Ipsen to buy rare disease firm Clementia for up to $1.31bn
France’s Ipsen has agreed to buy Canadian rare diseases biotech Clementia Pharmaceuticals in a deal worth up to $1.31 billion.
The French pharma has clinched a deal to buy Montreal-based Clementia at $25 per share in cash, which translates into an upfront payment of $1.04 billion.
Ipsen will also pay $6 in a contingent value right, if the FDA accepts a filing for Clementia’s lead drug to treat a rare bone disorder, worth an additional $263 million.
Clementia’s lead drug is palovarotene, an investigational retinoic acid receptor gamma selective agonist, for treatment of fibrodysplasia ossificans progressiva (FOP), multiple osteochondromas (MO) and other diseases.
A filing for FOP is expected in the second half of this year, paving the way for a potential launch in mid-2020.
Ipsen will pay the contingent value rights (CVR) of $6 per share if the FDA accepts a separate filing for palovarotene in the MO indication, a rare bone disease for which it is in phase 2 development.
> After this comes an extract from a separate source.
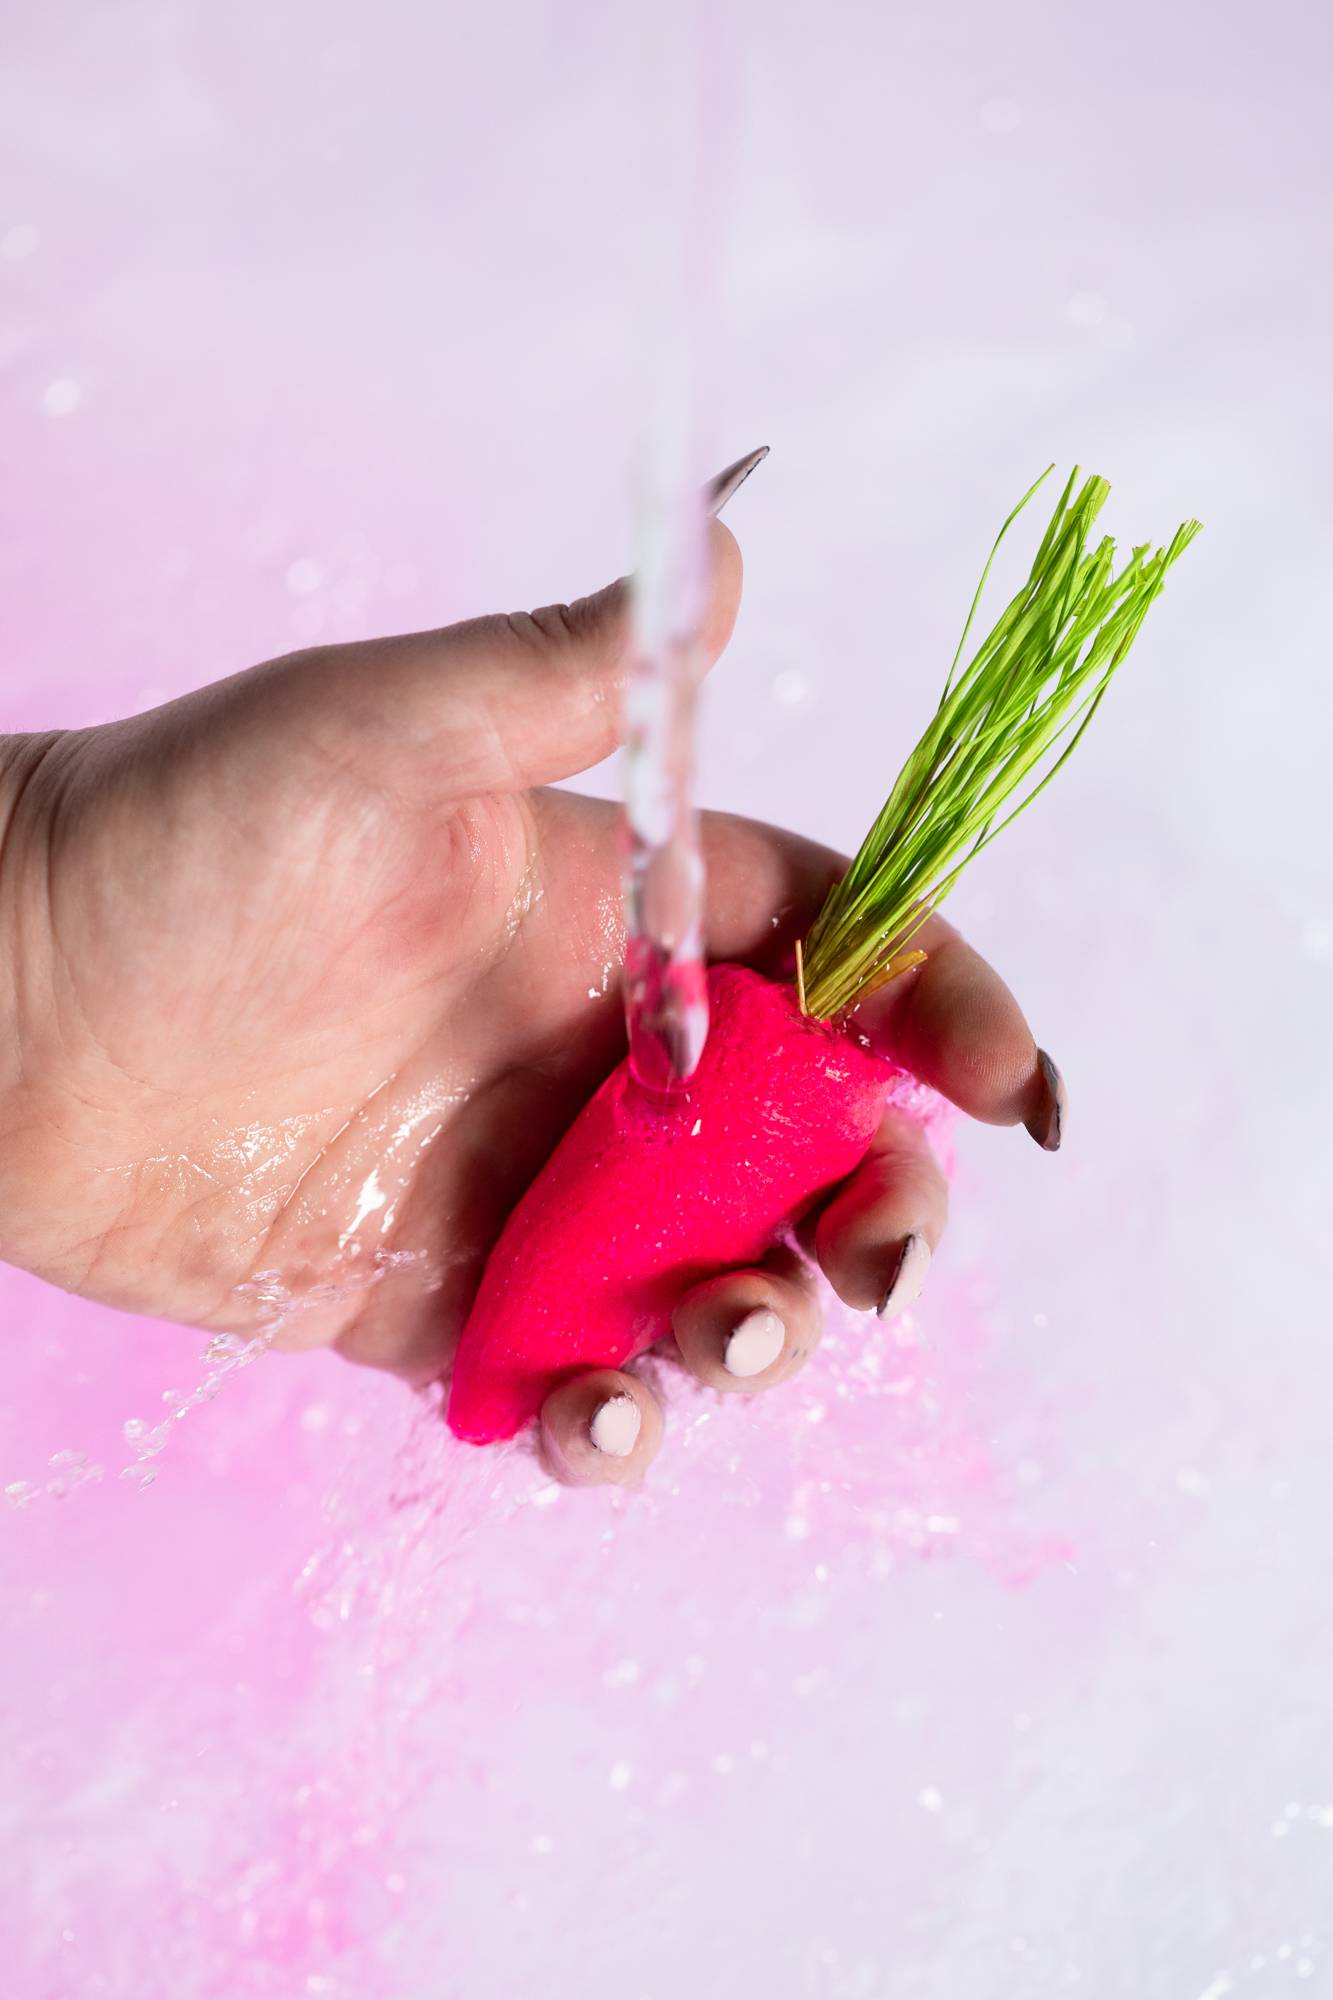 A close-up image of the model's hand holding the pink carrot bubble bar under running water creates a deep pink, bubbly bath. 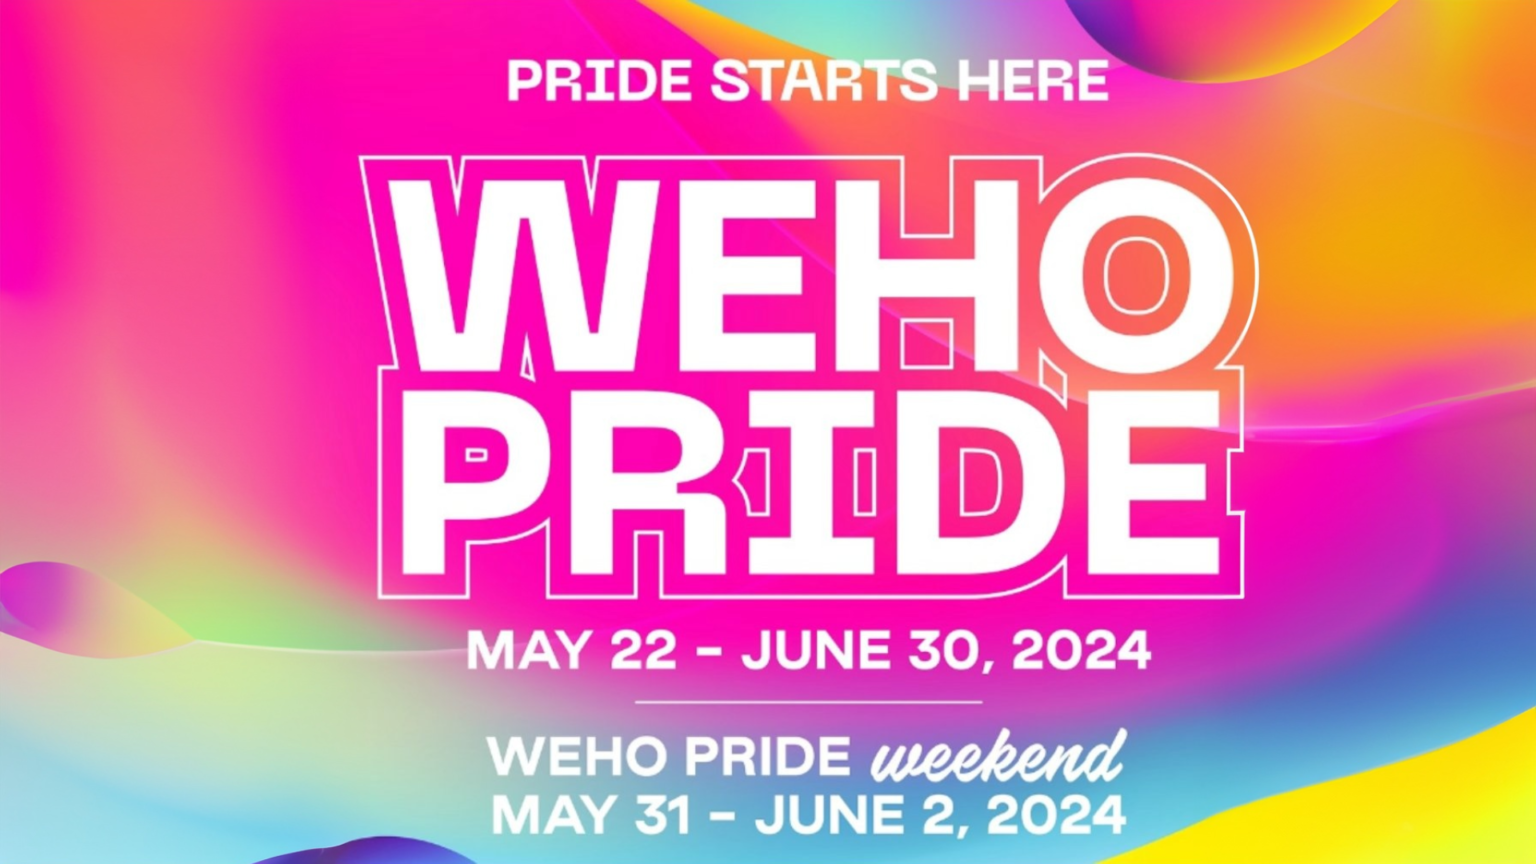 WEHO PRIDE 2024 🏳️‍🌈 Events, dates and how you can participate

Palovarotene is also in phase 1 development for dry eye disease.
Palovarotene has received orphan drug designation for FOP and MO from the Food and Drug Administration (FDA) and the European Medicines Agency (EMA), and Fast Track, Breakthrough Therapy and Rare Pediatric Disease designations for FOP from the FDA.
The acquisition will continue with the transformation of Ipsen under chief executive David Meek, who is aiming to increase the company’s presence in rare and ultra-rare diseases.
He is hoping to improve the value of the company’s pipeline with innovative drugs that could be first, or best, in their classes.
Palovarotene is an attractive target for Ipsen because it is close to market and has good chances of approval, and if it does get to market competition is limited.
The transaction will be fully financed by Ipsen’s existing cash and lines of credit and significantly increases the level of net debt.
It is expected to slightly reduce Ipsen’s core operating margin for 2019 and 2020, because of the costs of the ongoing clinical trials and preparation for the commercial launch of palovarotene.
Consequently, Ipsen is updating its 2019 financial objectives and expects unchanged sales growth of greater than 13.0% at current exchange rates.
Core operating margin will be around 30.0% of net sales which is down slightly from previous guidance of around 31.0% of net sales, excluding other potential investments in pipeline expansion initiatives.
The deal is subject to approval under Canada’s competition rules, and is expected to go ahead in Q2.